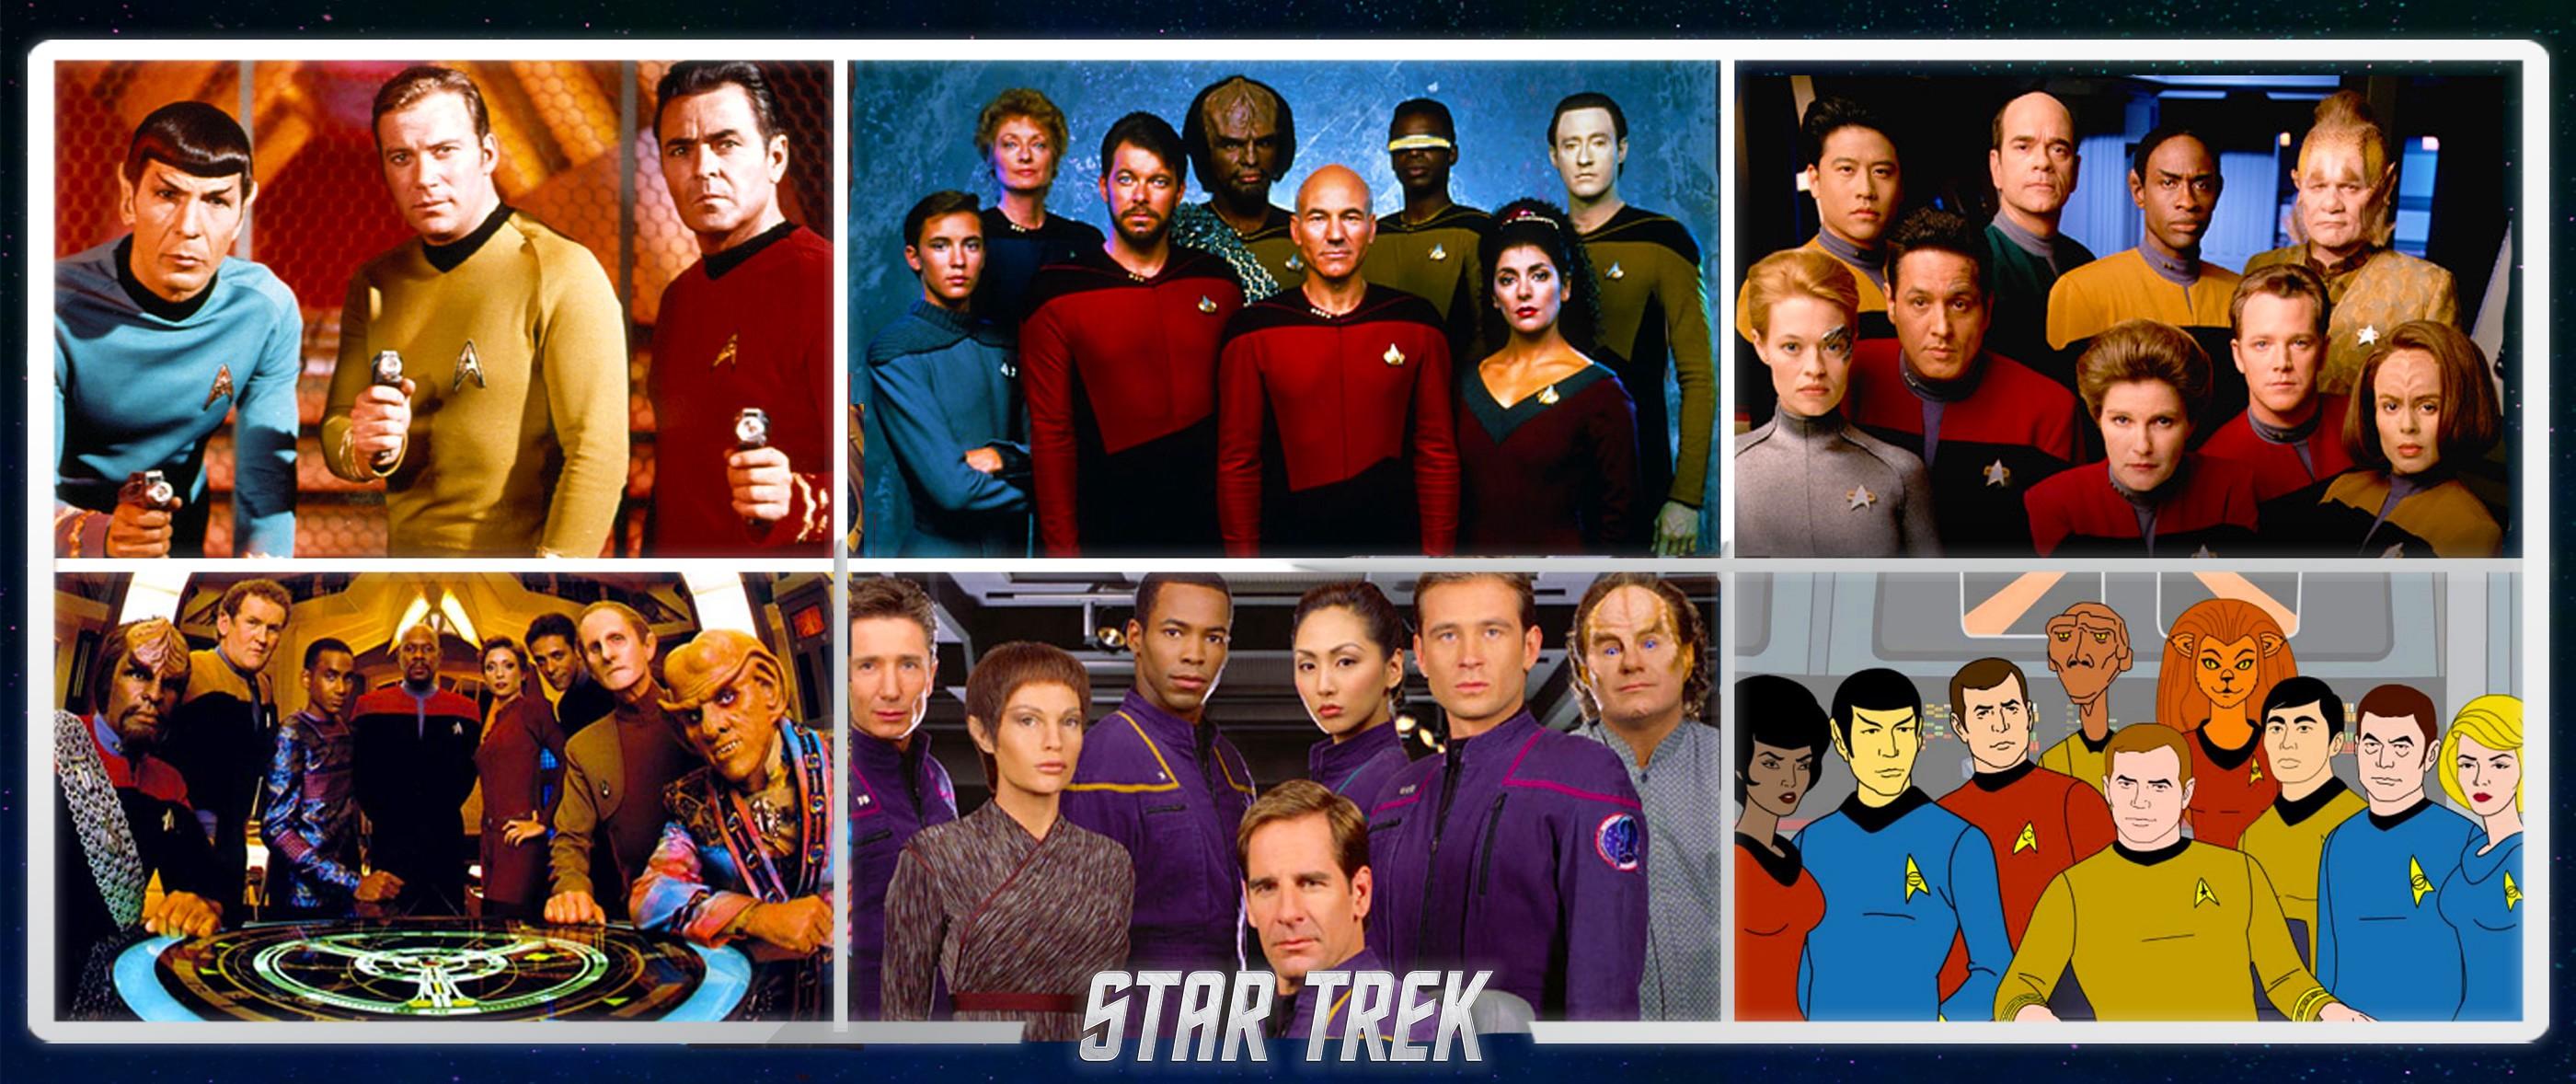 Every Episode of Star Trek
════════
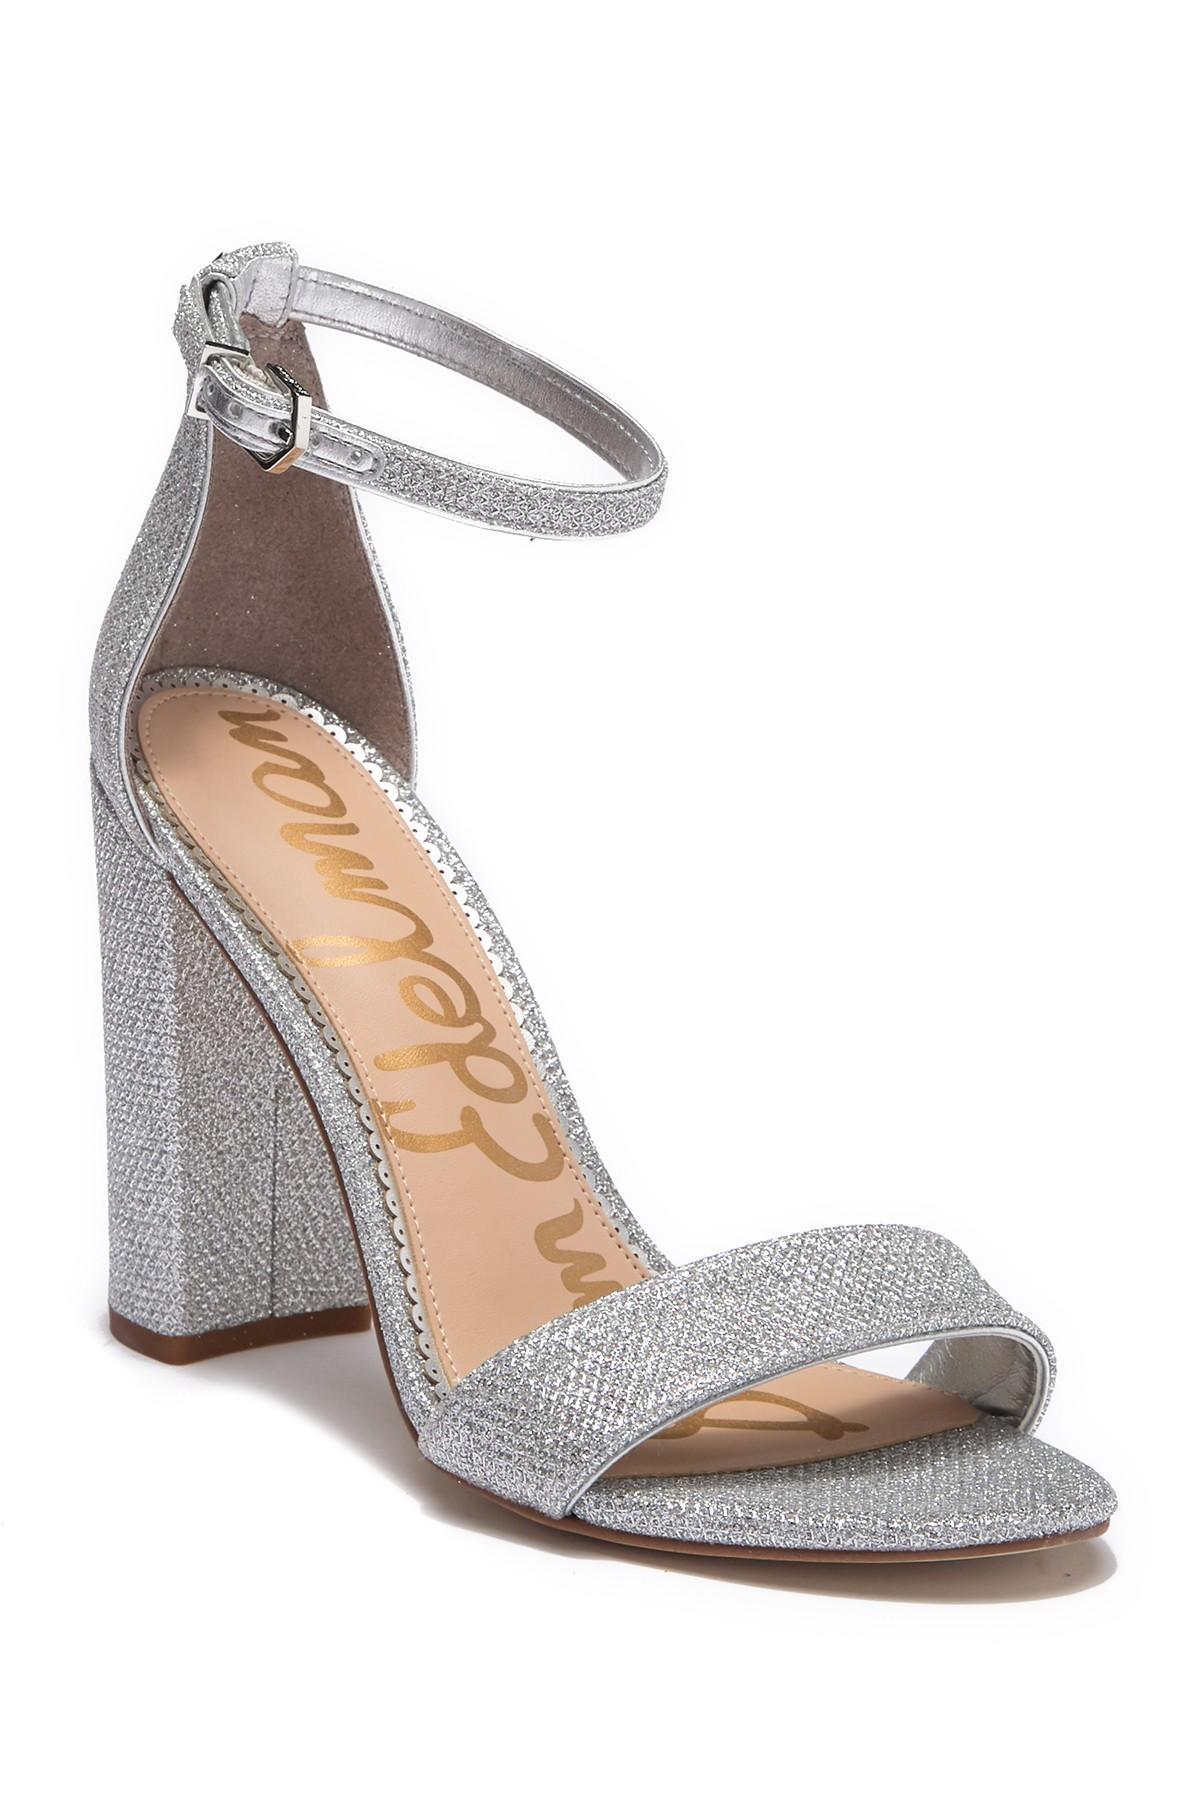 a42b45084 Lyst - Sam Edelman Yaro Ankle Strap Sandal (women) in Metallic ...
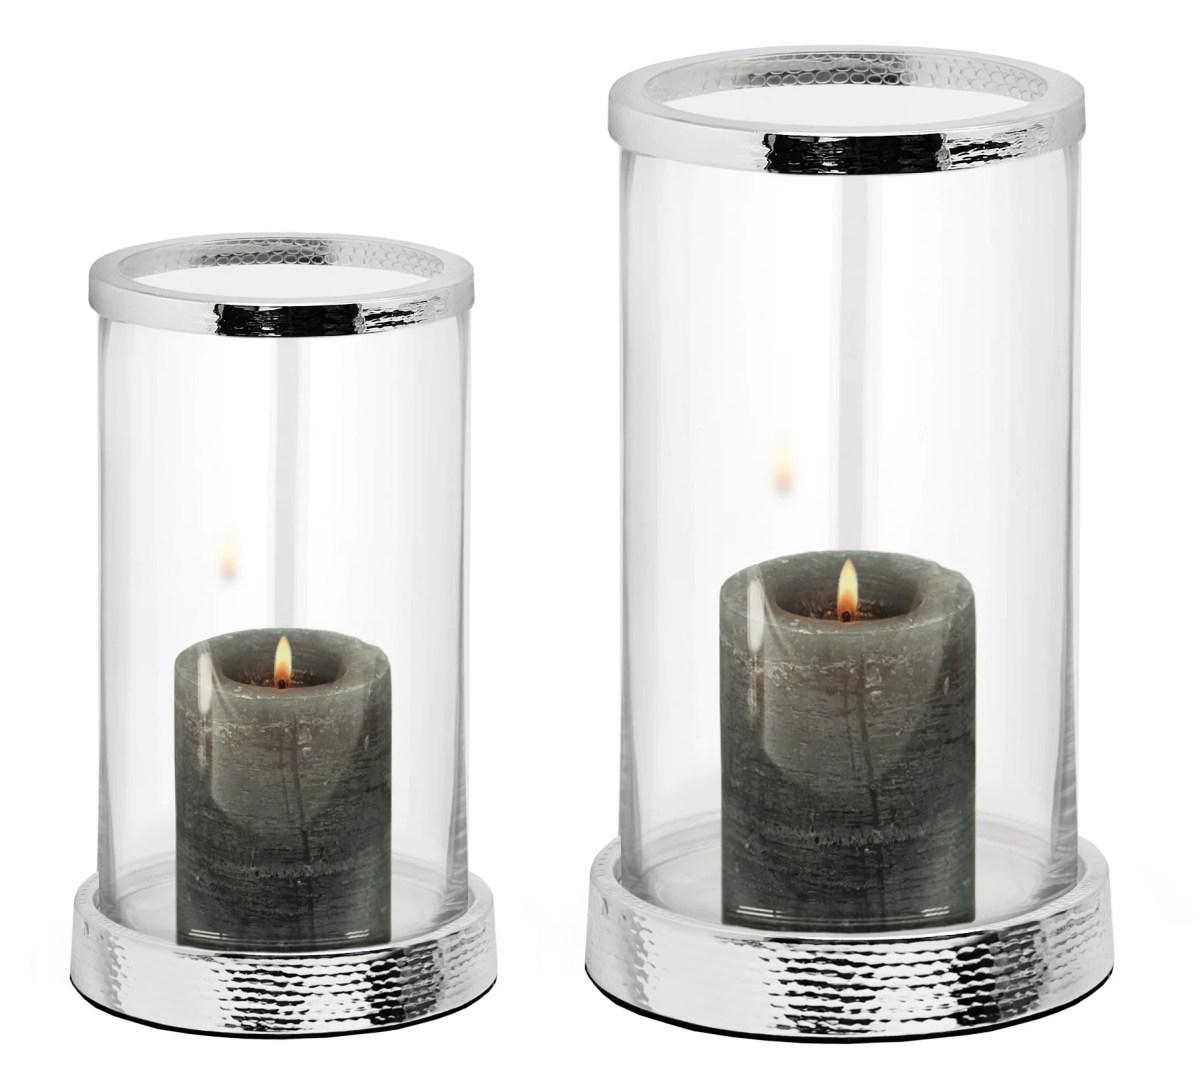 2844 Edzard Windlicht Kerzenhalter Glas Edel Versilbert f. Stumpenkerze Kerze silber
════════
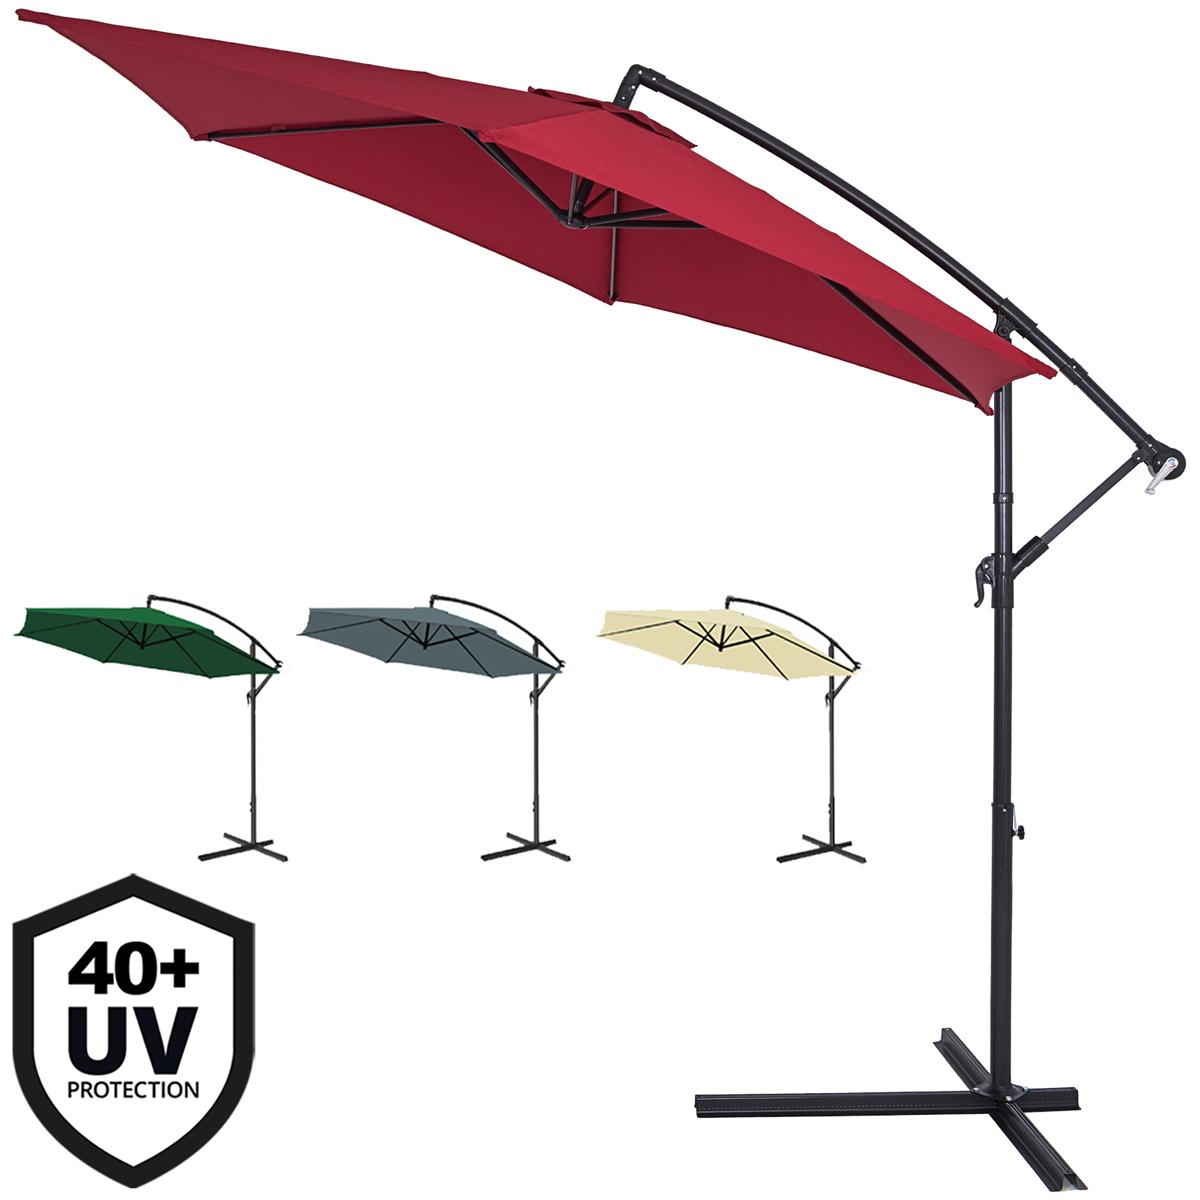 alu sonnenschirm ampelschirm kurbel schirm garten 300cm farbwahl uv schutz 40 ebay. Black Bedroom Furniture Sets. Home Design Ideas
════════
[Task to complete] Working from the data above, repeat exactly, and only, the lines that begin at the line containing "a42b45084 Lyst - Sam" and stop after the line containing "2844 Edzard Windlicht"; pictures are not copied.

[Problem solution]
 a42b45084 Lyst - Sam Edelman Yaro Ankle Strap Sandal (women) in Metallic ...
 2844 Edzard Windlicht Kerzenhalter Glas Edel Versilbert f. Stumpenkerze Kerze silber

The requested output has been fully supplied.